Lastly, the mechanics of the server replication and connectivity is rather mysterious, and it's hard to understand when something goes wrong. And with all the different concepts — leaf nodes, leaf clusters, replicas, mirrors, clusters, gateways, accounts, domains, and so on — it's not easy to understand the best way to design a topology. The Kafka network model, by comparison, is very simple and straightforward, even if it's a lot less flexible. With Kafka, you can still build hub/spoke topologies yourself by reading from topics and writing to other topics, and while it's something you need to set up yourself, it's less magical, and easier to control and understand.

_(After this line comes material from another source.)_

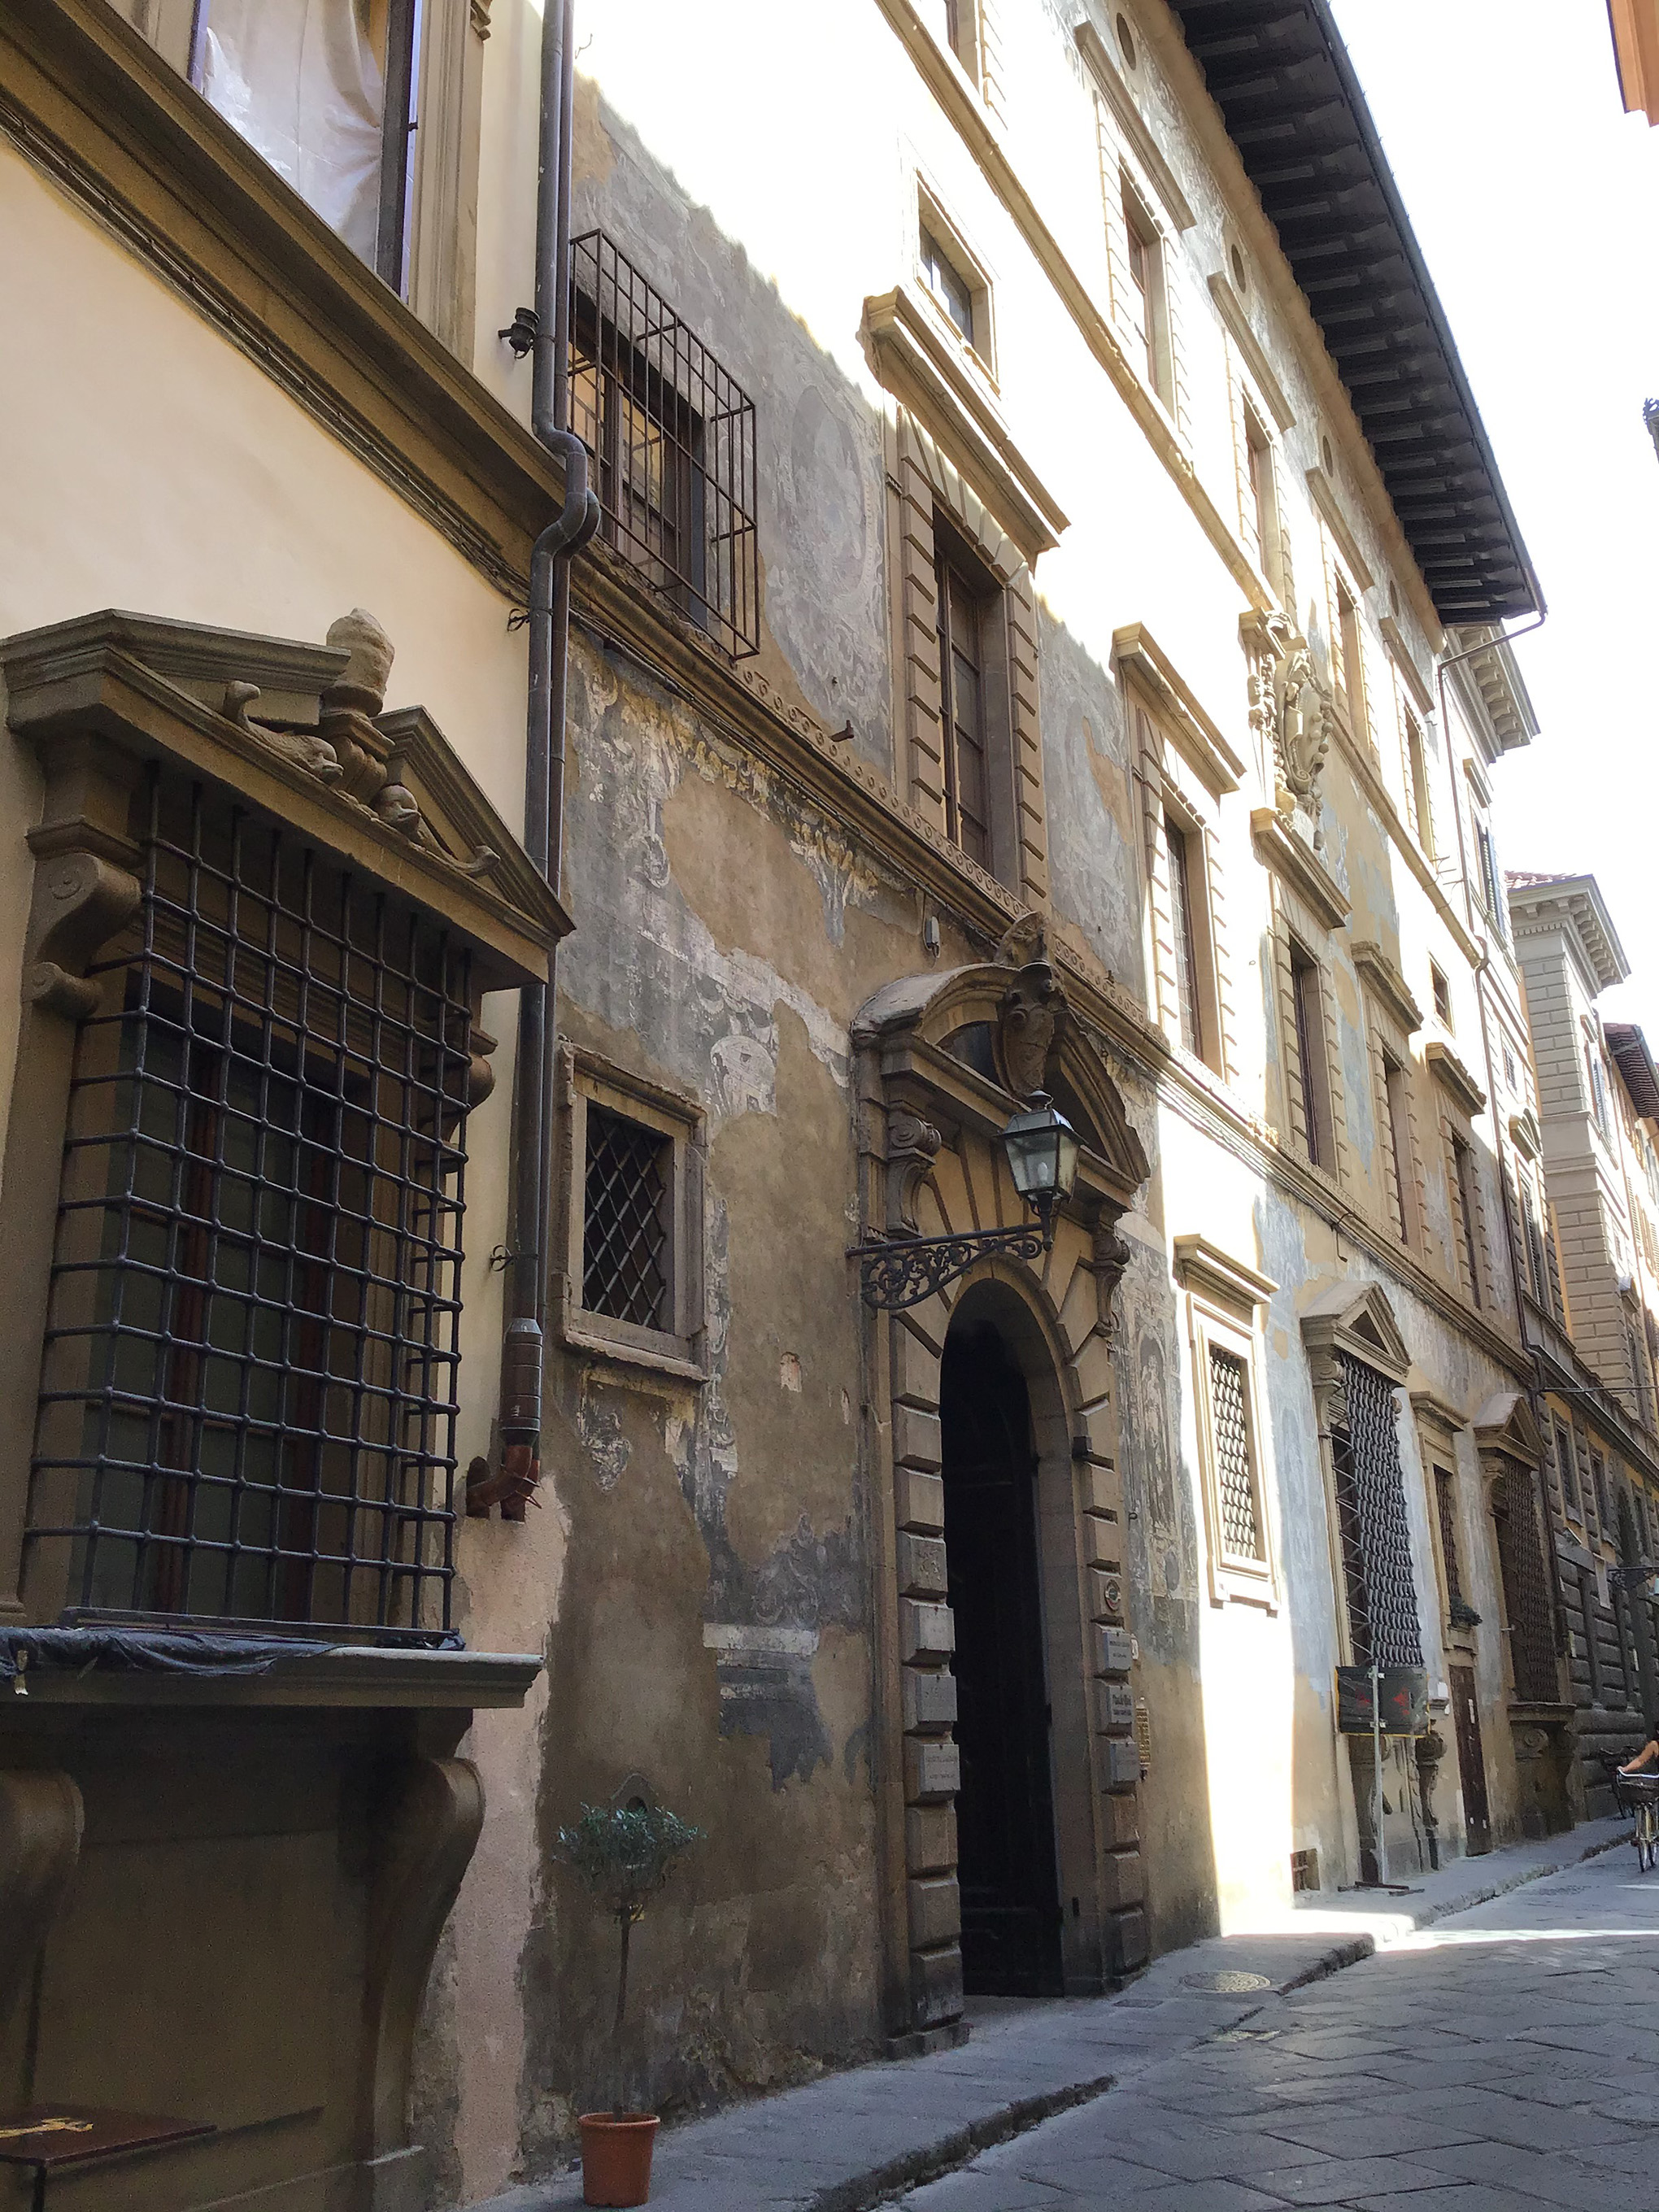 Palazzo Ramirez de Montalvo (palazzo, signorile) - Firenze (FI)

Where I work, we have used NATS extensively with great success. We also adopted Jetstream for some applications, but we've soured on it a bit, for the above reasons, and now use Redpanda (which is Kafka-compatible) instead. I still think JS is a great fit for certain types of apps, but I would definitely evaluate the requirements carefully first. Jetstream is different enough that it's definitely not just a "better Kafka".

shikhar · 2025-08-23T21:57:41 1755986261

> Jetstream clusters don't scale to many servers (they recommend max 3, I think)

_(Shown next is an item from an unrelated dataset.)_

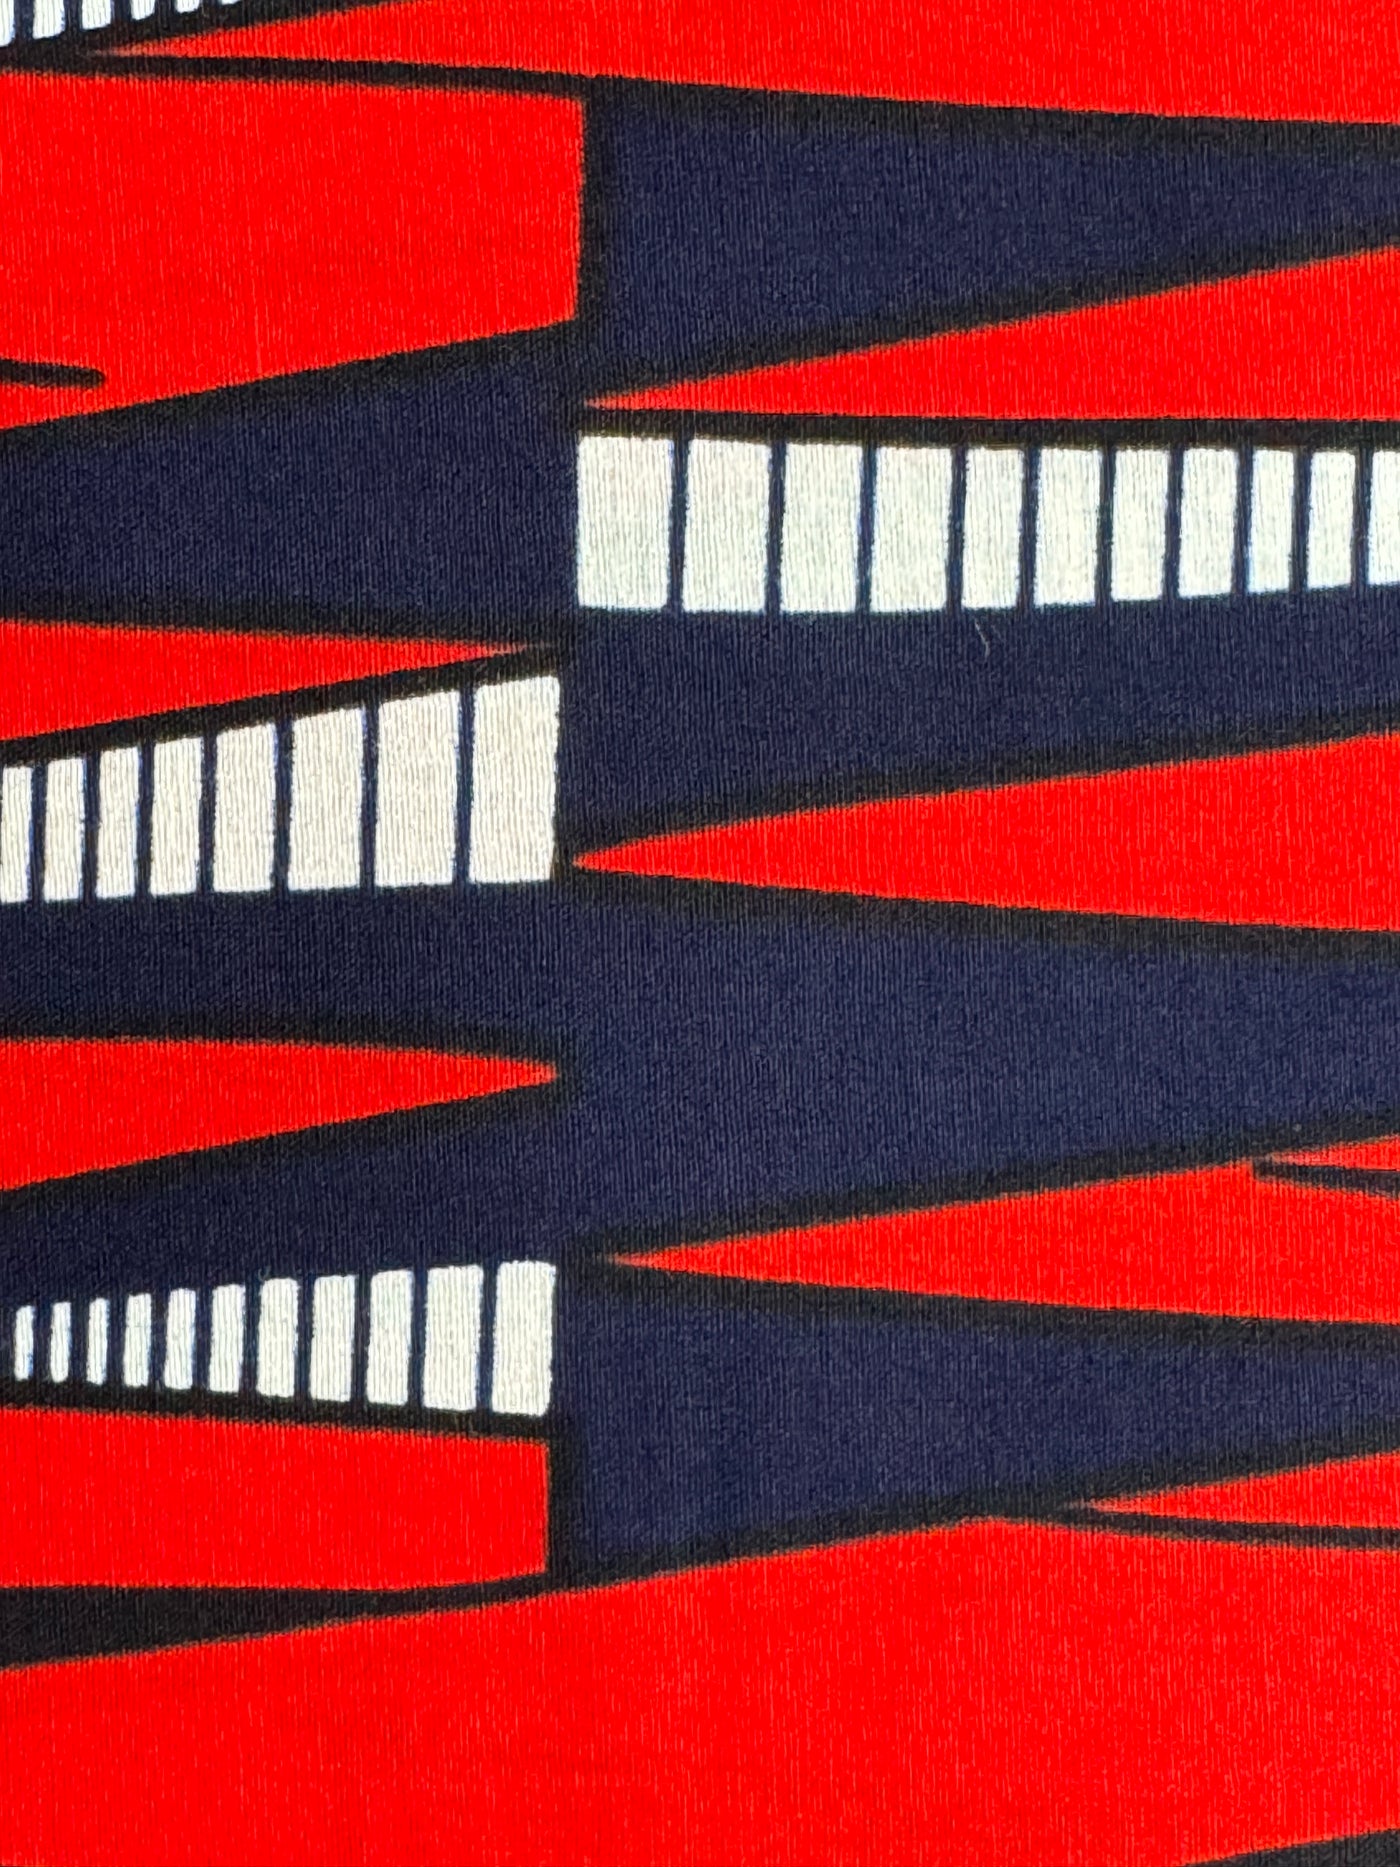 Ankara Fabric - 149150

Jetstream is even more limited than most Kafkas on number of streams https://github.com/nats-io/nats-server/discussions/5128#disc...

pdimitar · 2025-08-24T08:38:35 1756024715

That's an amazing analysis, thank you so much!

What are your impressions of Red panda?

We're particularly interested in NATS' feature of working with individual messages and have been bitten by Kafka's "either process the entire batch or put it back for later processing", which doesn't work for our needs.

Interested if Redpanda is doing better than either.

atombender · 2025-08-24T08:44:20 1756025060

Redpanda is fantastic, but it has the exact same message semantics as Kafka. They don't even have their own client; you connect using the Kafka protocol. Very happy with it, but it does have the same "whole batch or nothing" approach.

NATS/Jetstream is amazing if it fits your use case and you don't need extreme scalability. As I said before, it offers a lot more flexibility. You can process a stream sequentially but also nack messages, so you get the best of both worlds. It has deduping (new messages for the same subject will mark older ones as deleted) and lots of other convenience goodies.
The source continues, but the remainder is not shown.